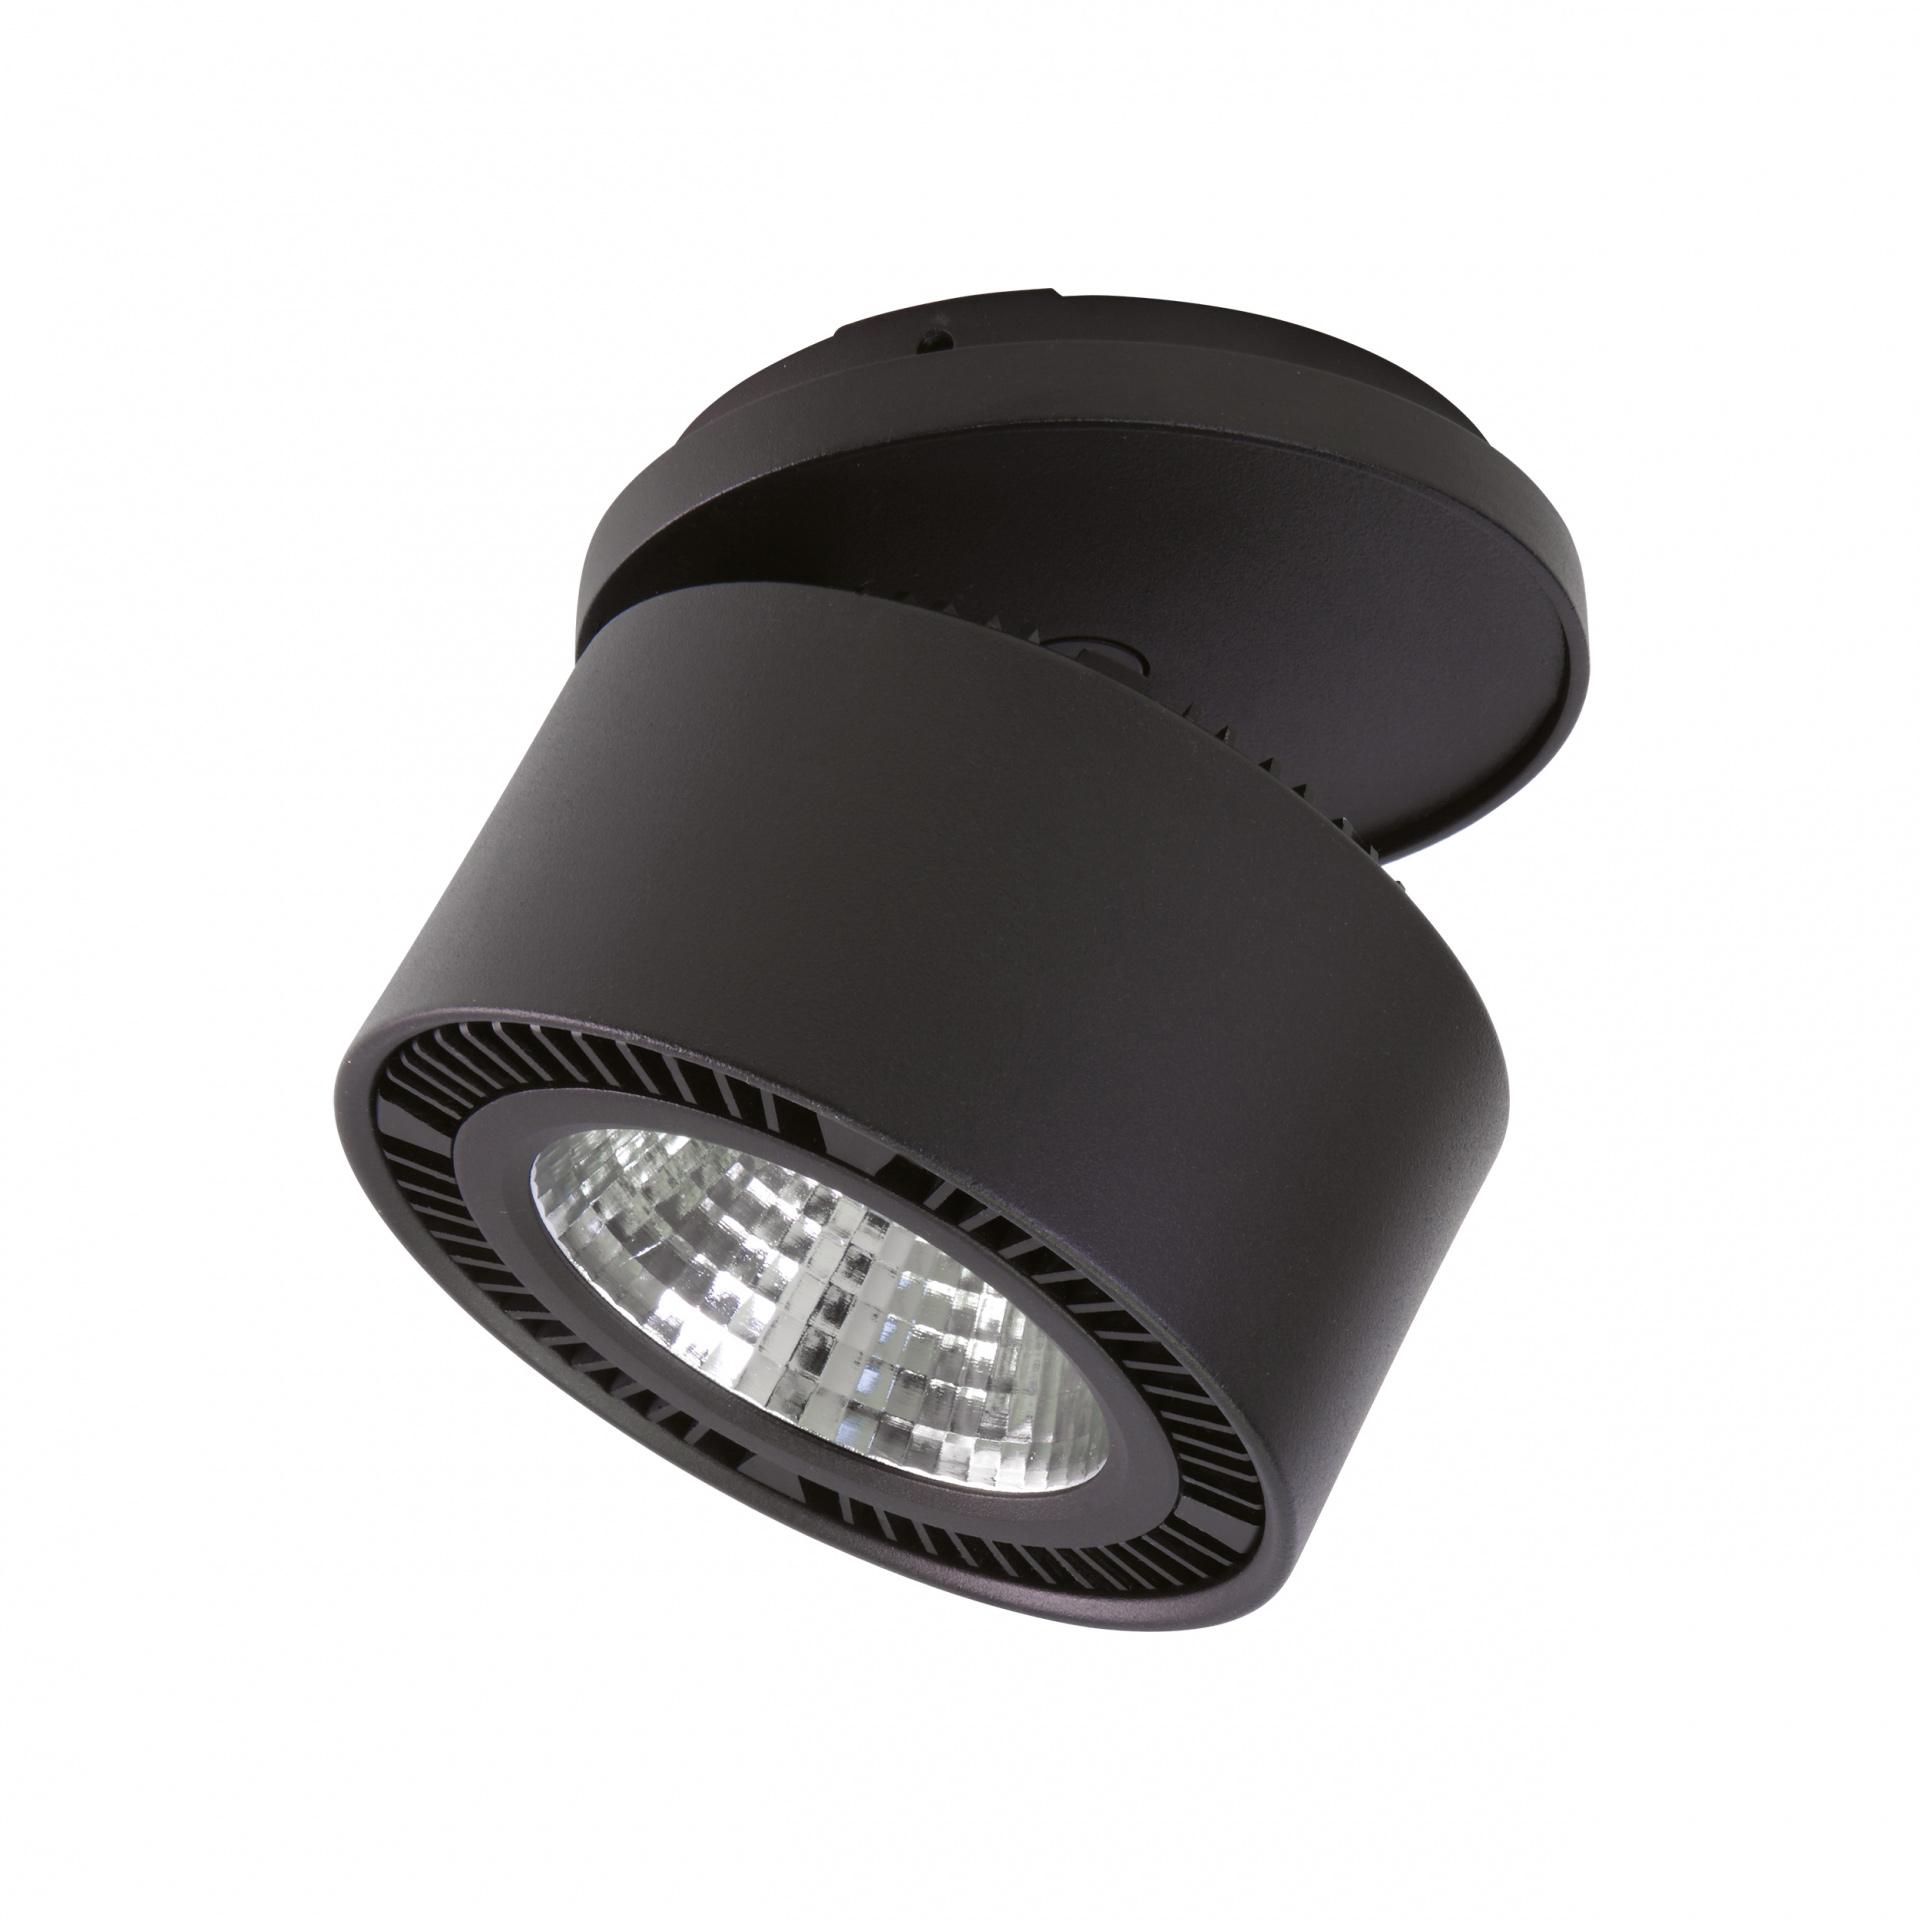 Светильник Forte inca LED 40W 3400LM 30G черный 3000K Lightstar 213847, купить в СПб, Москве, с доставкой, Санкт-Петербург, интернет-магазин люстр и светильников Starlight, фото в жизни
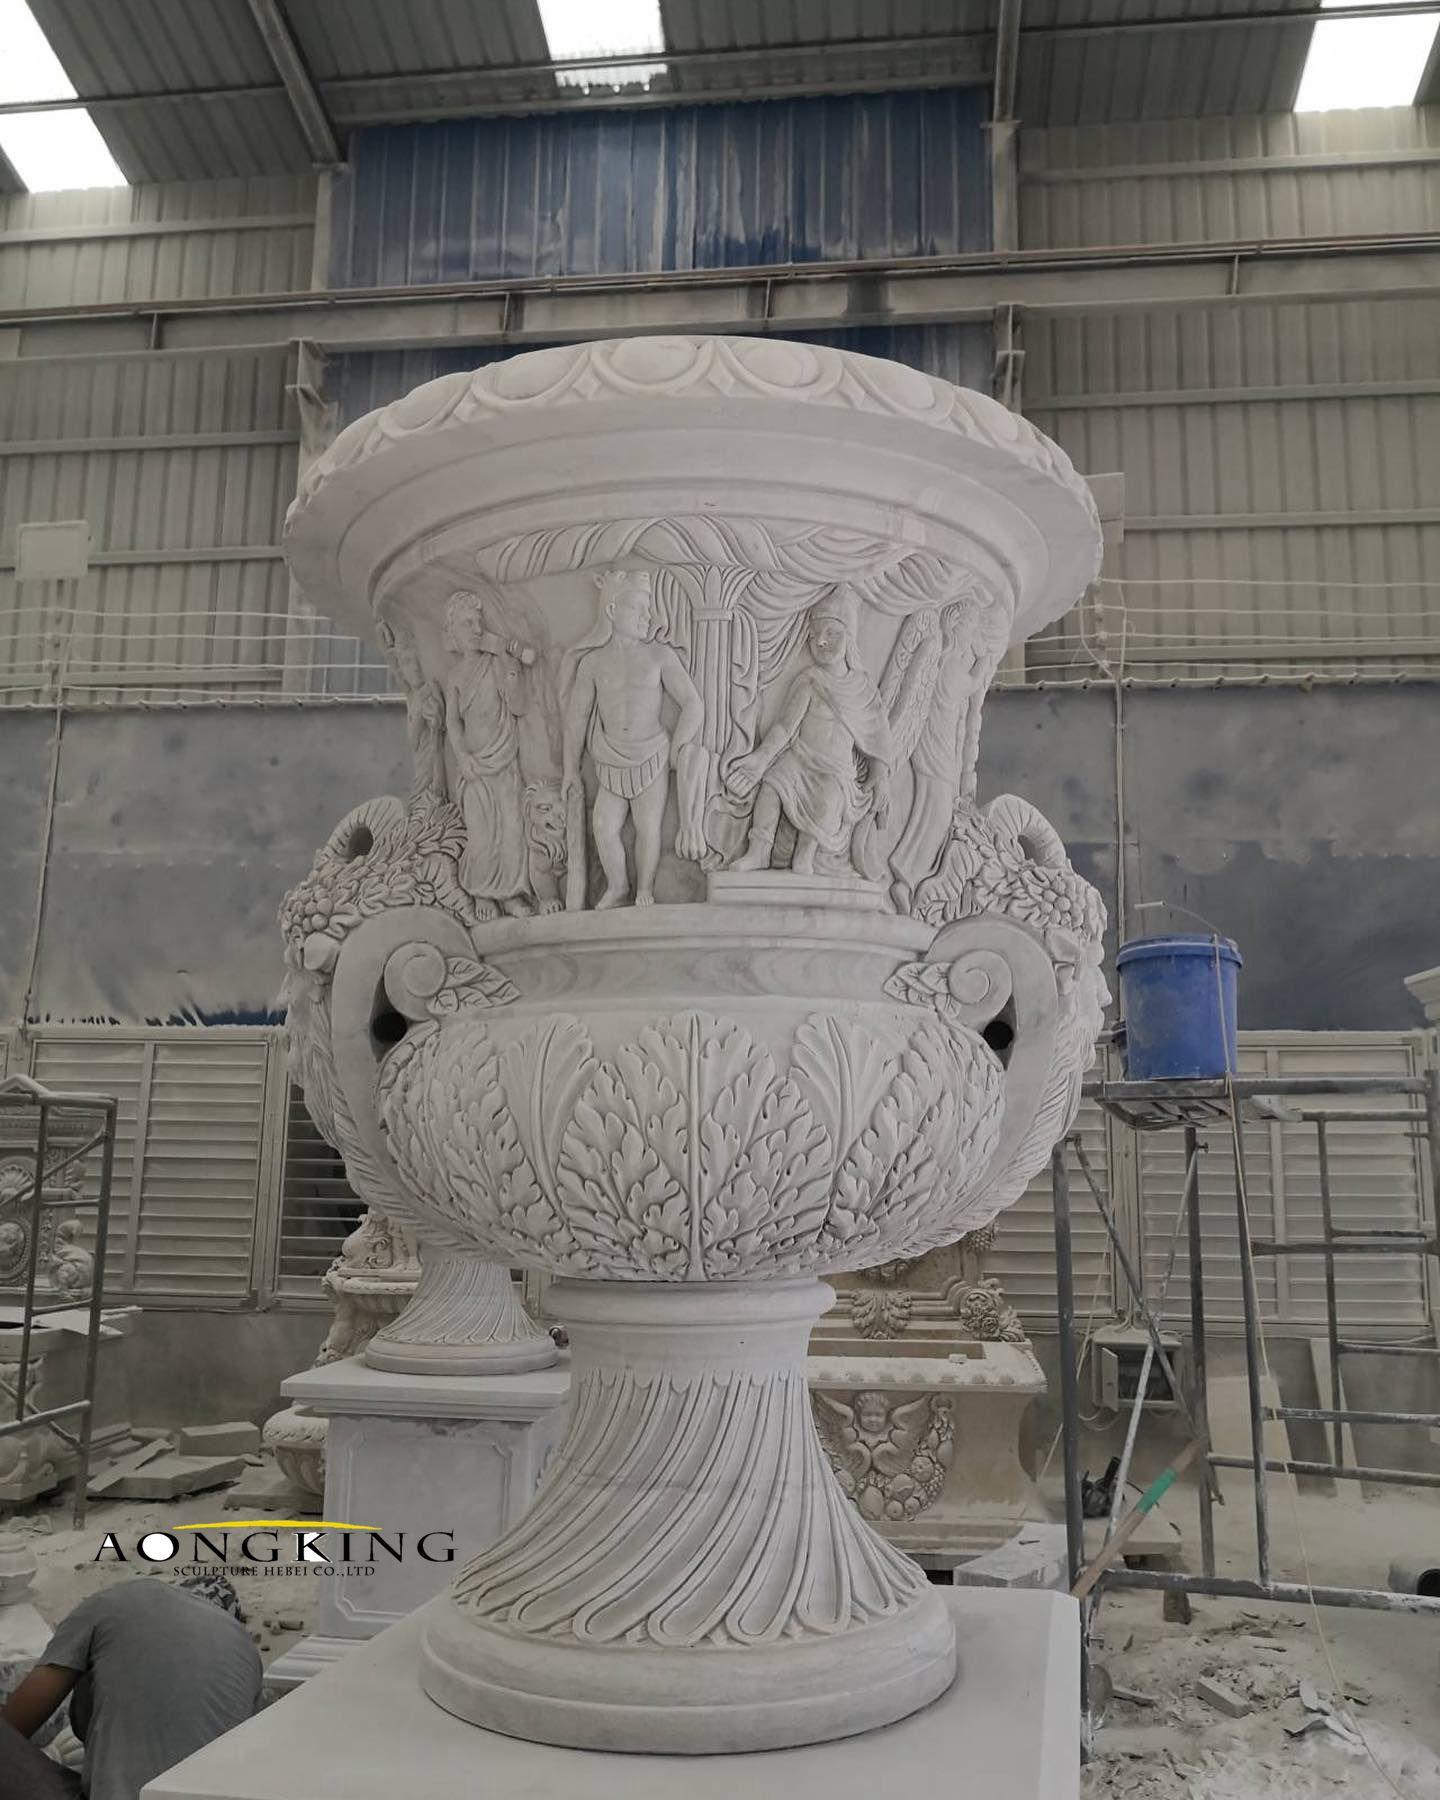 Vases for home decor
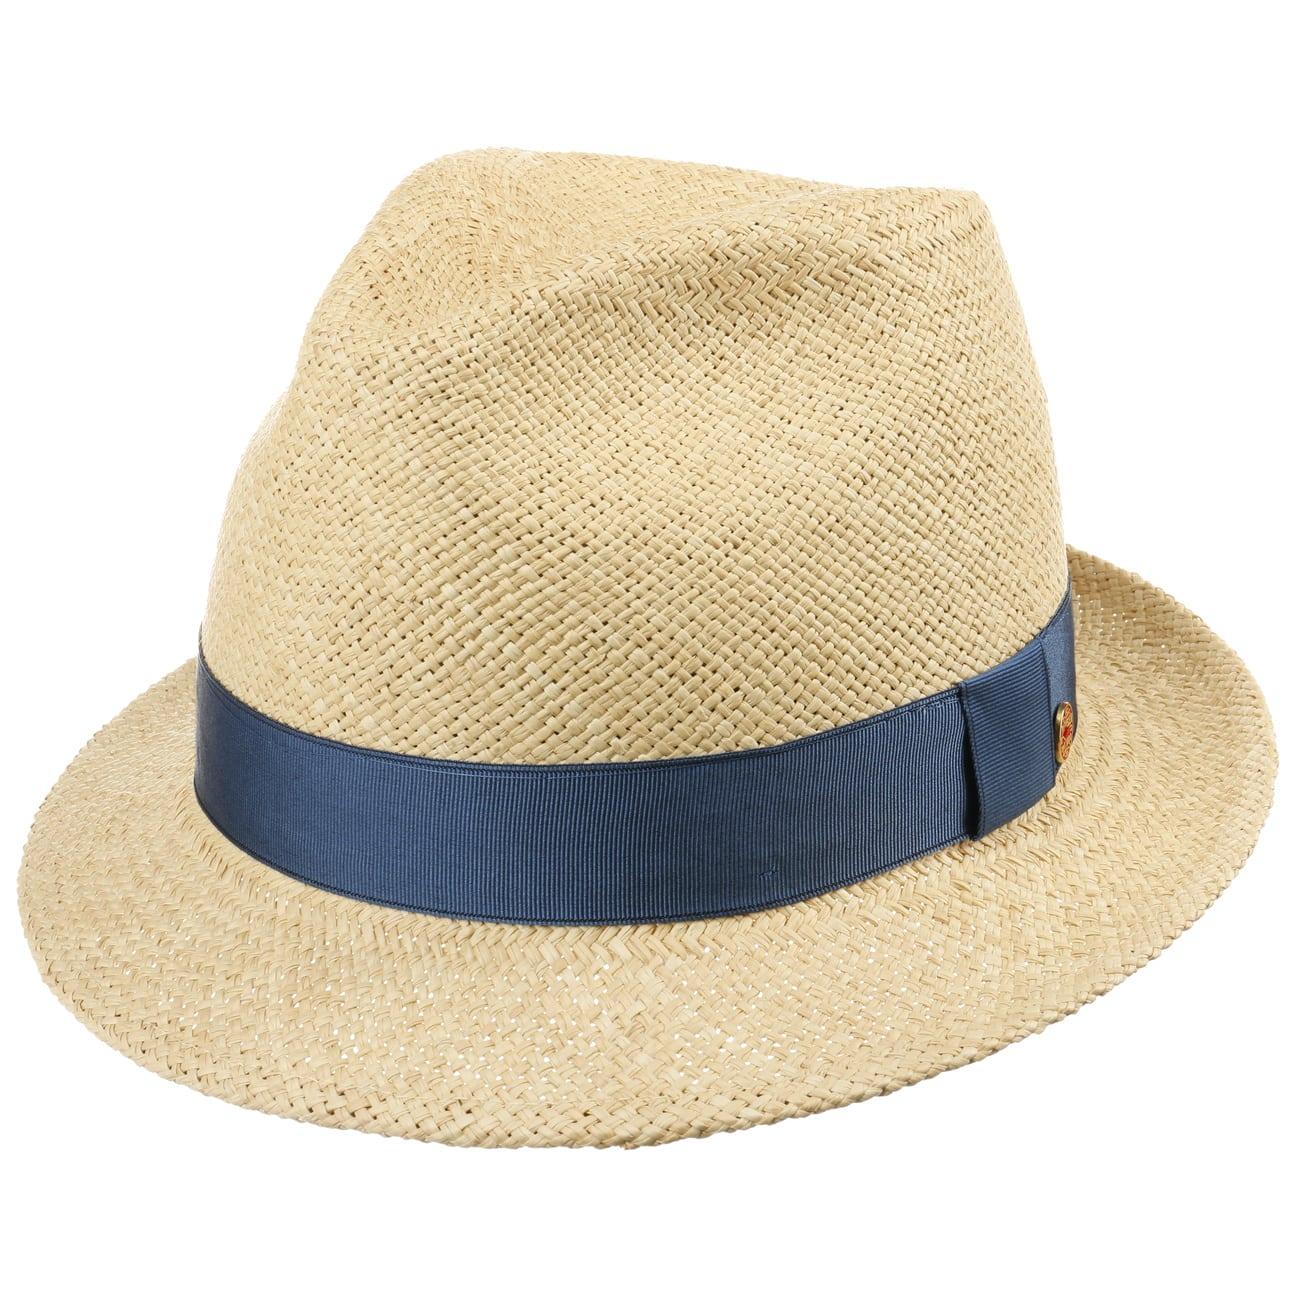 Chapeau Panama Luc by Mayser  chapeau en paille de panama

== ACTIVITY ==
Write out the material above exactly, and omit the pictures it holds.

== EXPECTED ANSWER ==
 Светильник Forte inca LED 40W 3400LM 30G черный 3000K Lightstar 213847, купить в СПб, Москве, с доставкой, Санкт-Петербург, интернет-магазин люстр и светильников Starlight, фото в жизни
 Vases for home decor
 Chapeau Panama Luc by Mayser  chapeau en paille de panama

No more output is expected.